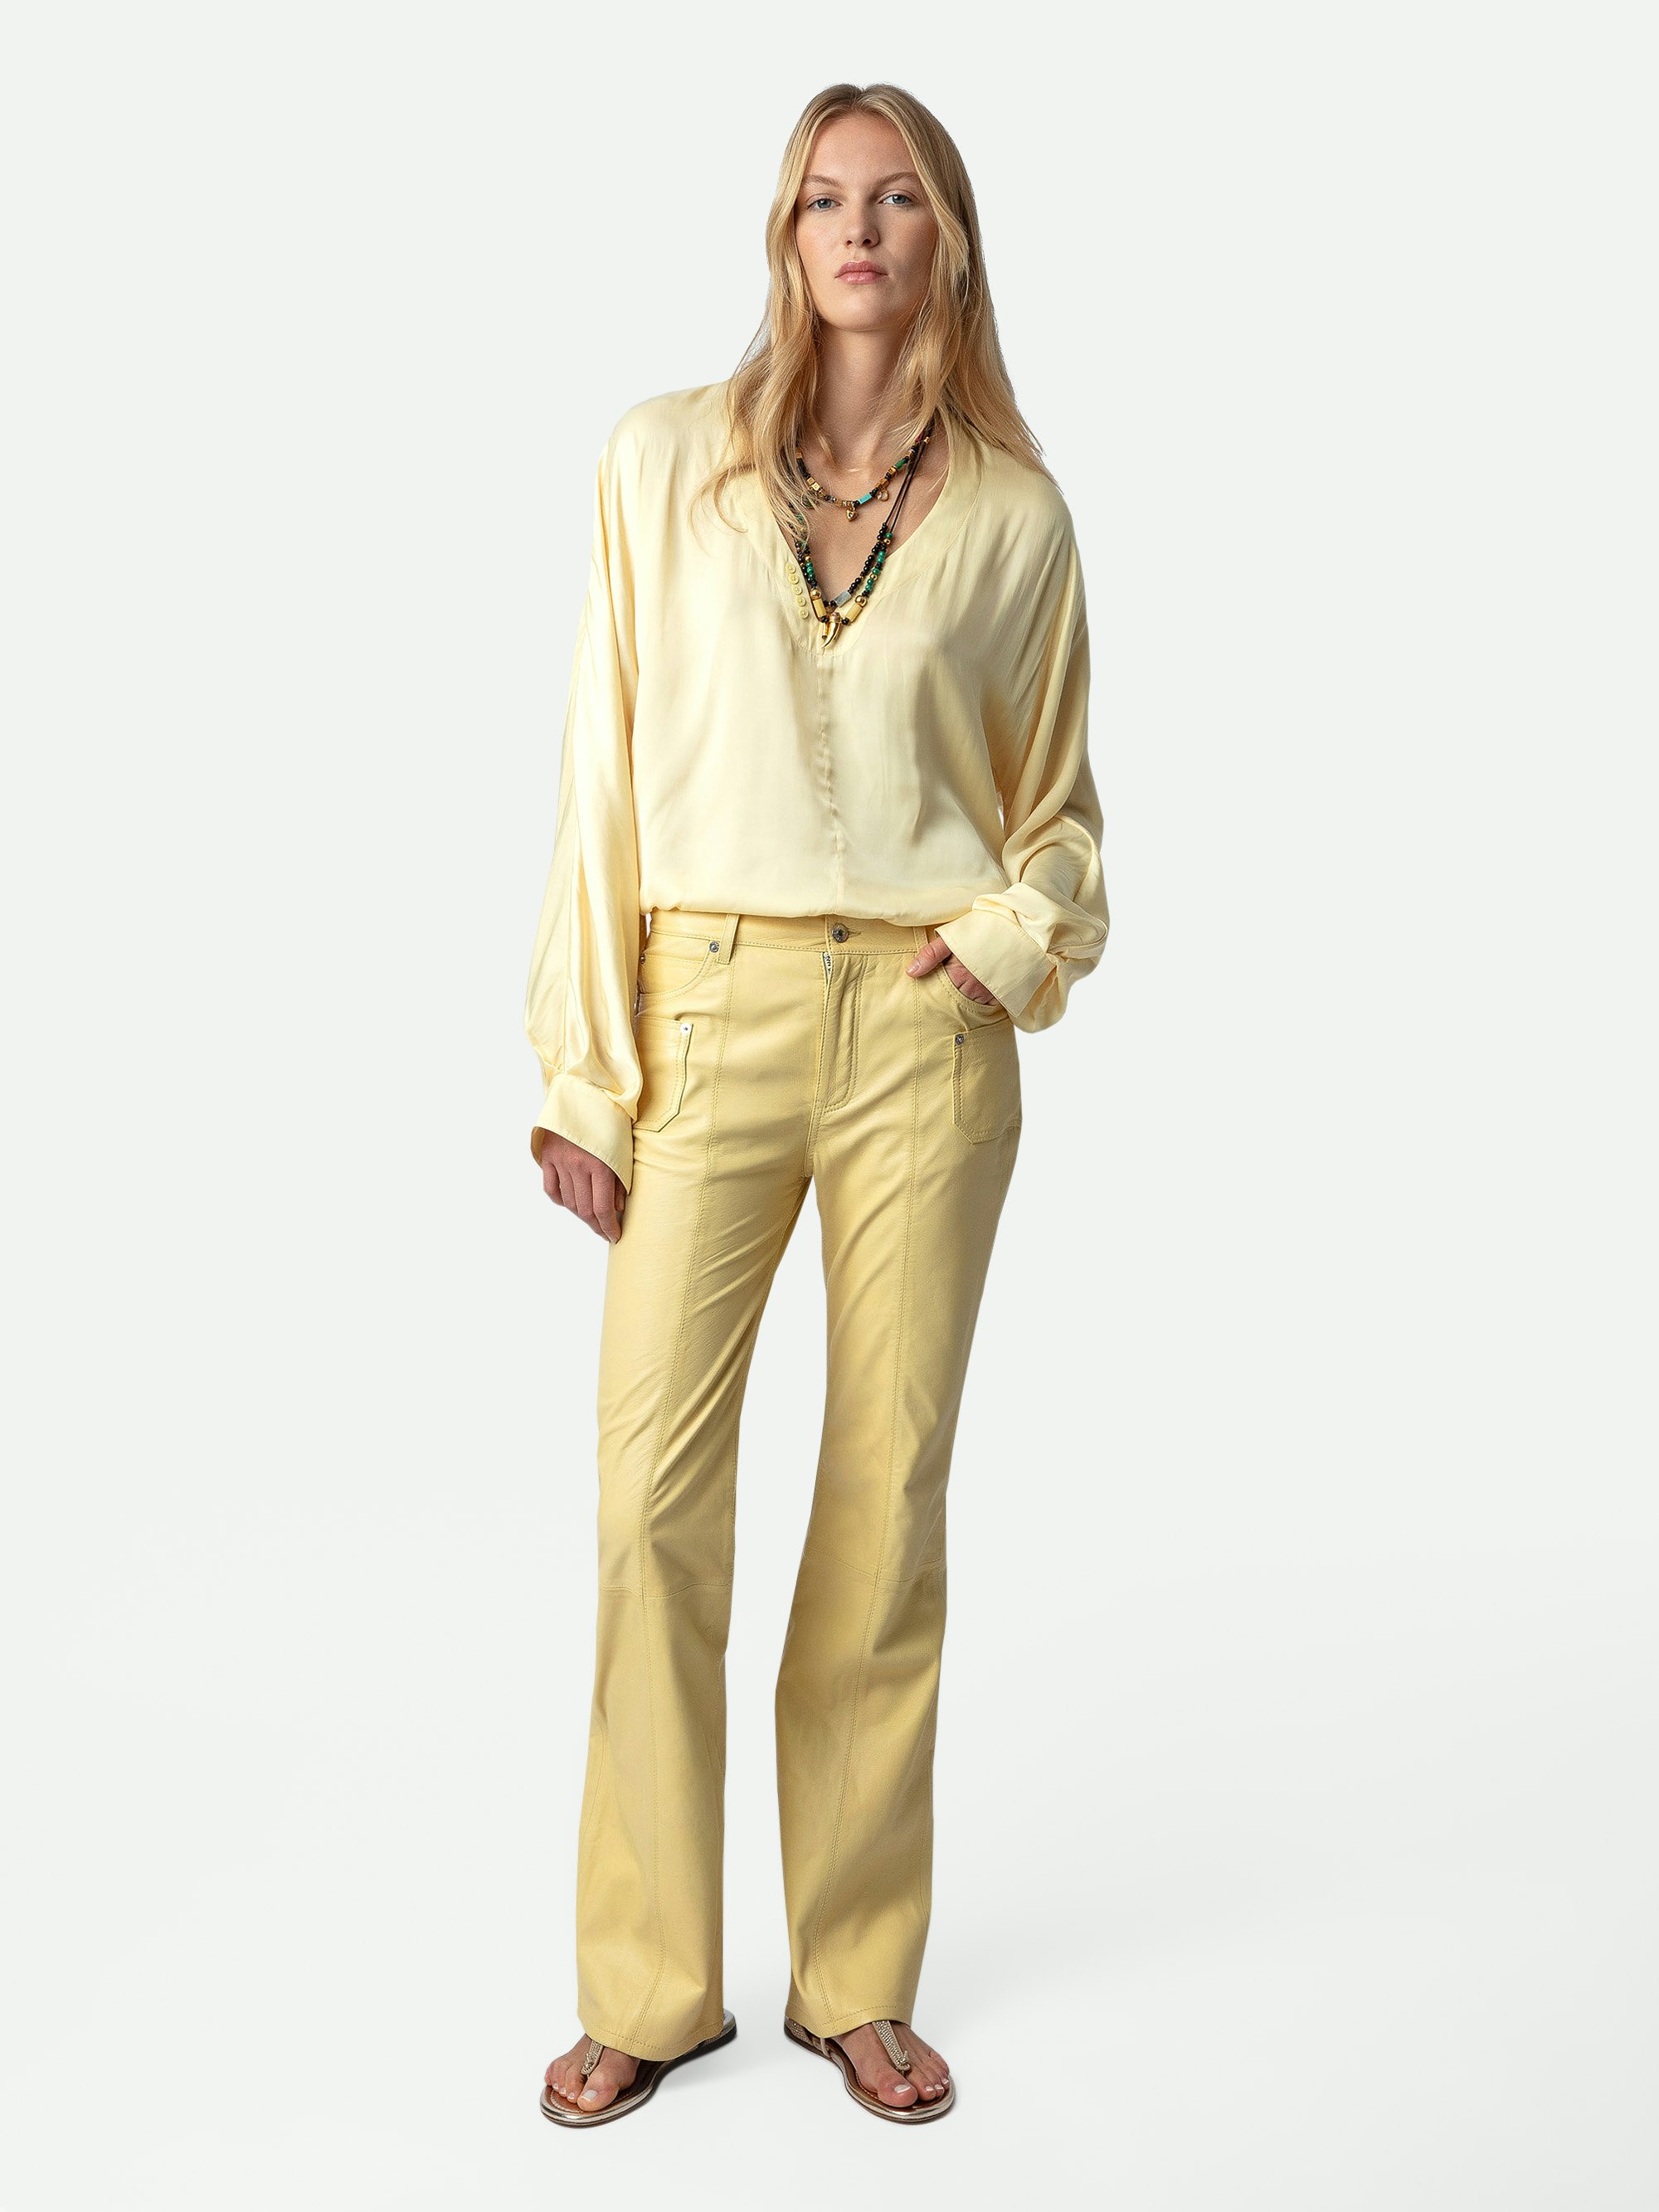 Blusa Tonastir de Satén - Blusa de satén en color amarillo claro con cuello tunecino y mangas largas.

---

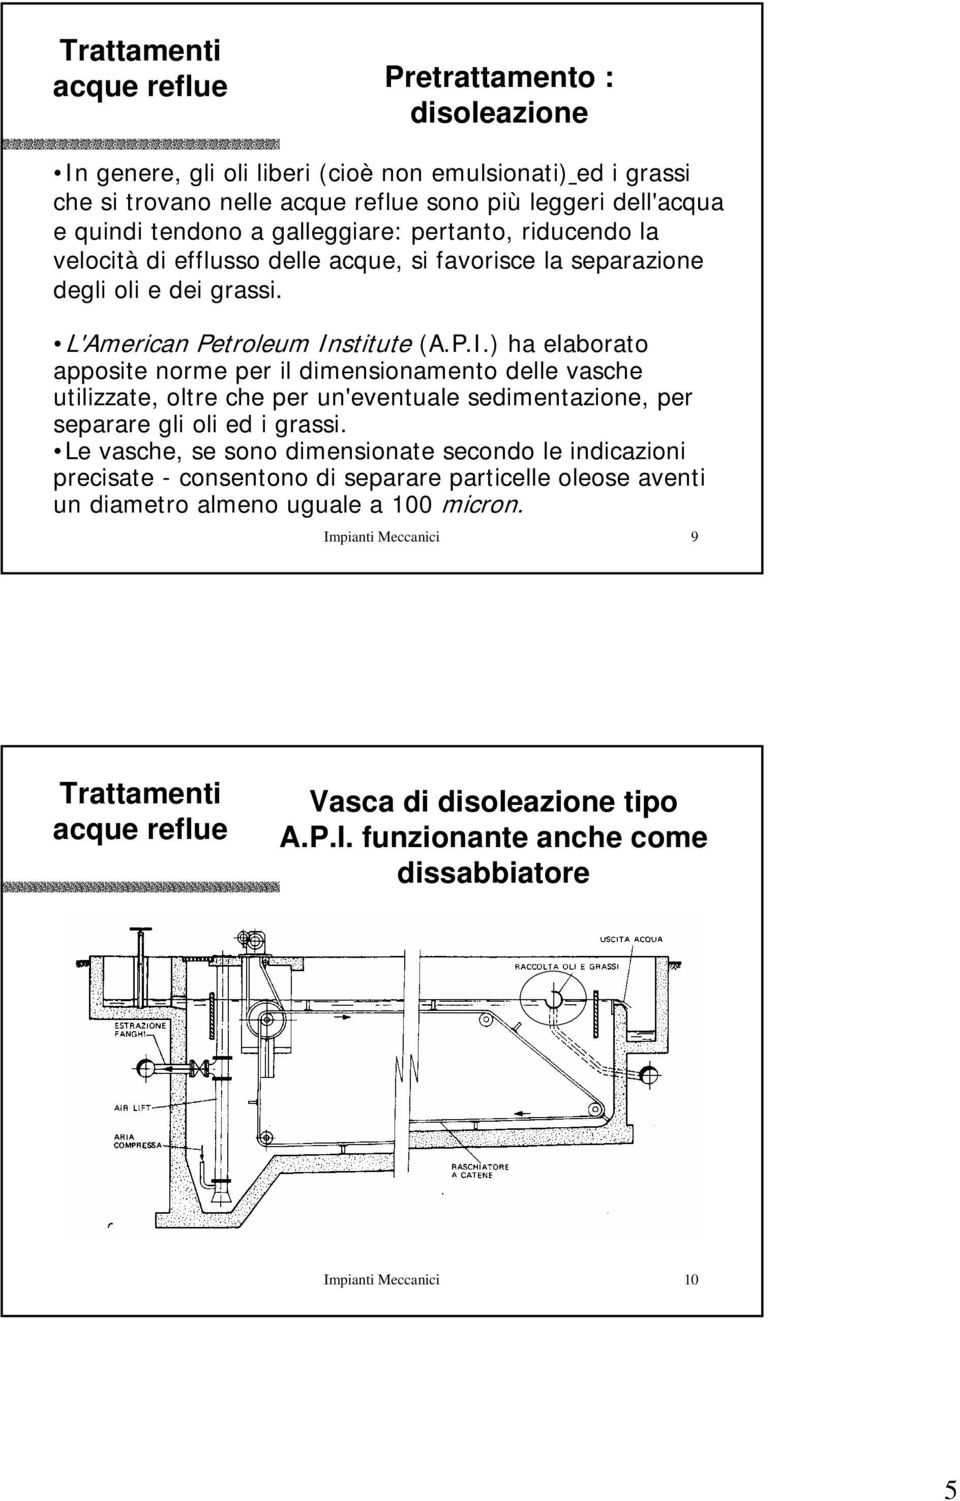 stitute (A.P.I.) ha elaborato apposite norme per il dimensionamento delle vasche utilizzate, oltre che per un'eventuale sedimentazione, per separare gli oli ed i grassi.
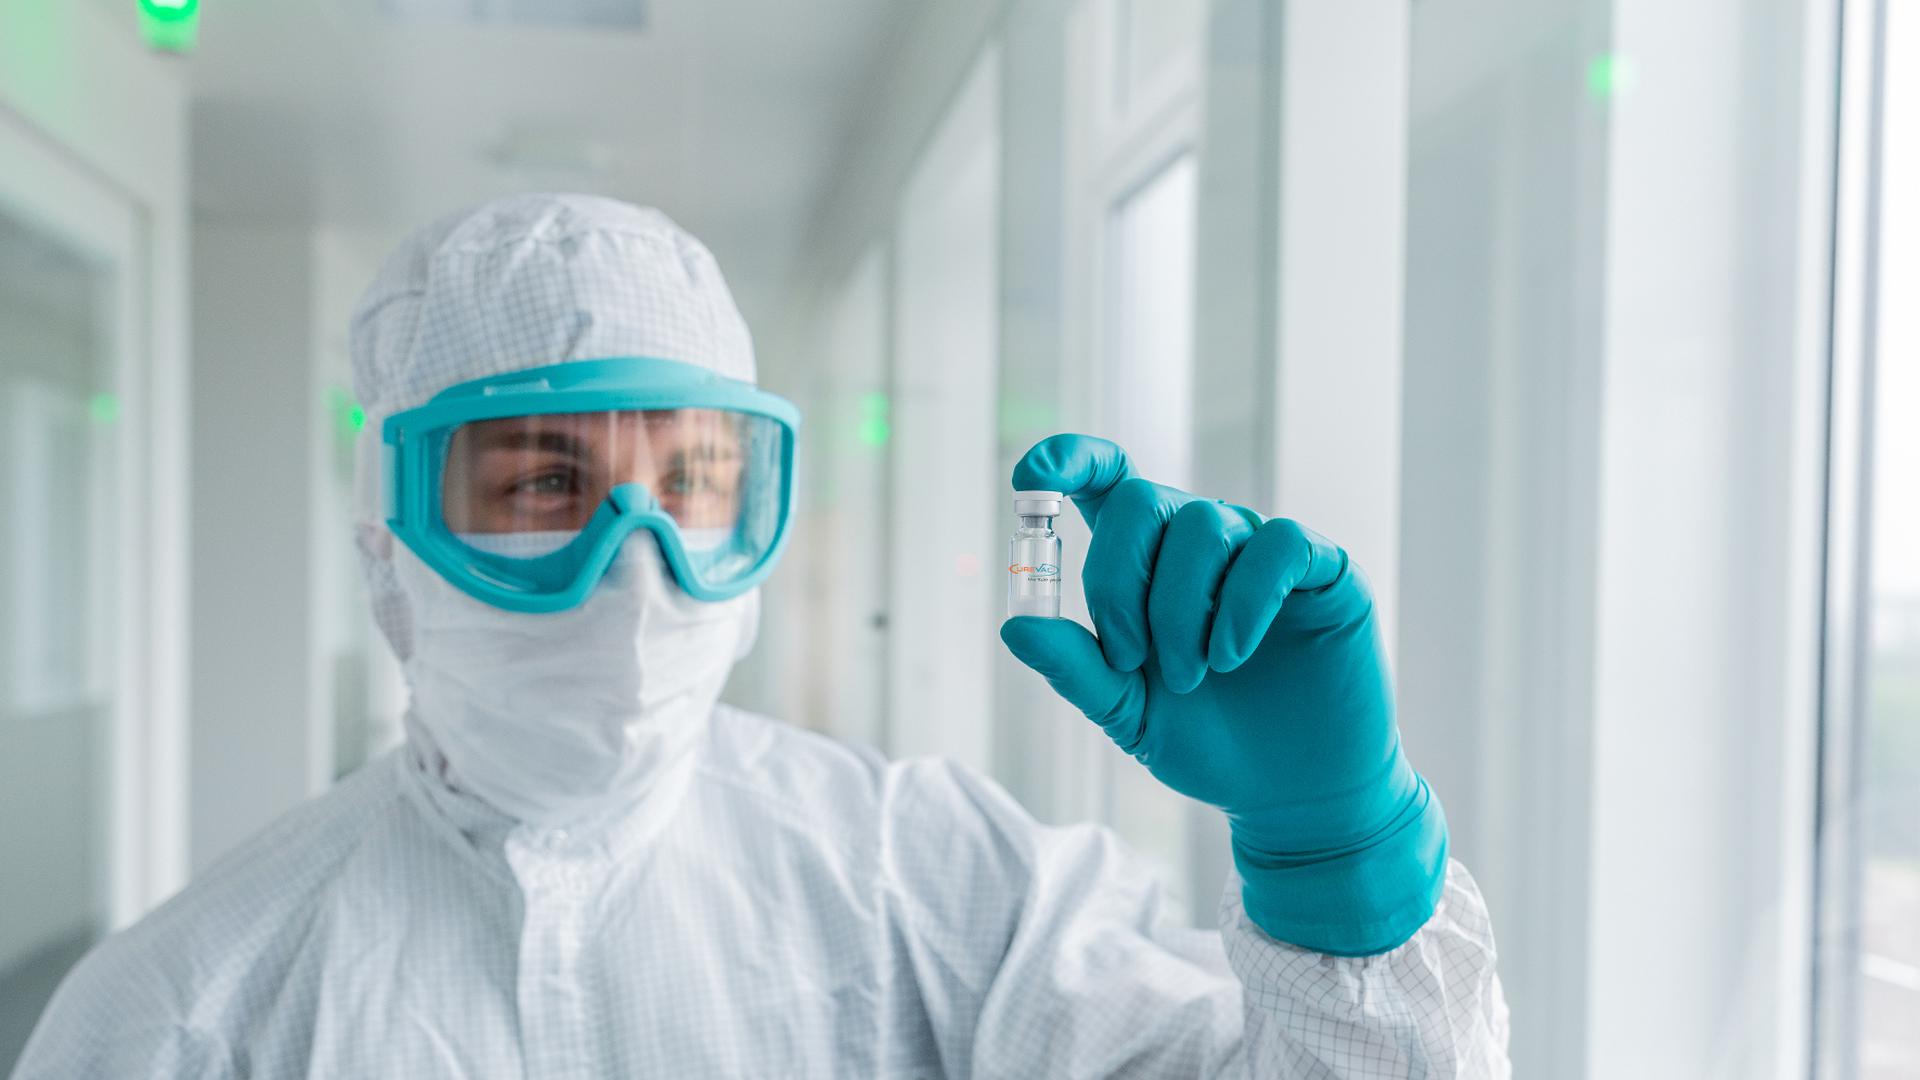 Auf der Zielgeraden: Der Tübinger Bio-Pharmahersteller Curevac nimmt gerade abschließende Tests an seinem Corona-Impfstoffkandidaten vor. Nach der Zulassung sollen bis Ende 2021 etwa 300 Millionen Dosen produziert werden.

• TASK DESCRIPTION: Your copy should hold the lines from the one with "stitute (A.P.I.) ha" up to and including the one with "Auf der Zielgeraden: Der", exactly as in the data above, and no pictures.

• SOLVED EXERCISE:
 stitute (A.P.I.) ha elaborato apposite norme per il dimensionamento delle vasche utilizzate, oltre che per un'eventuale sedimentazione, per separare gli oli ed i grassi.
 Auf der Zielgeraden: Der Tübinger Bio-Pharmahersteller Curevac nimmt gerade abschließende Tests an seinem Corona-Impfstoffkandidaten vor. Nach der Zulassung sollen bis Ende 2021 etwa 300 Millionen Dosen produziert werden.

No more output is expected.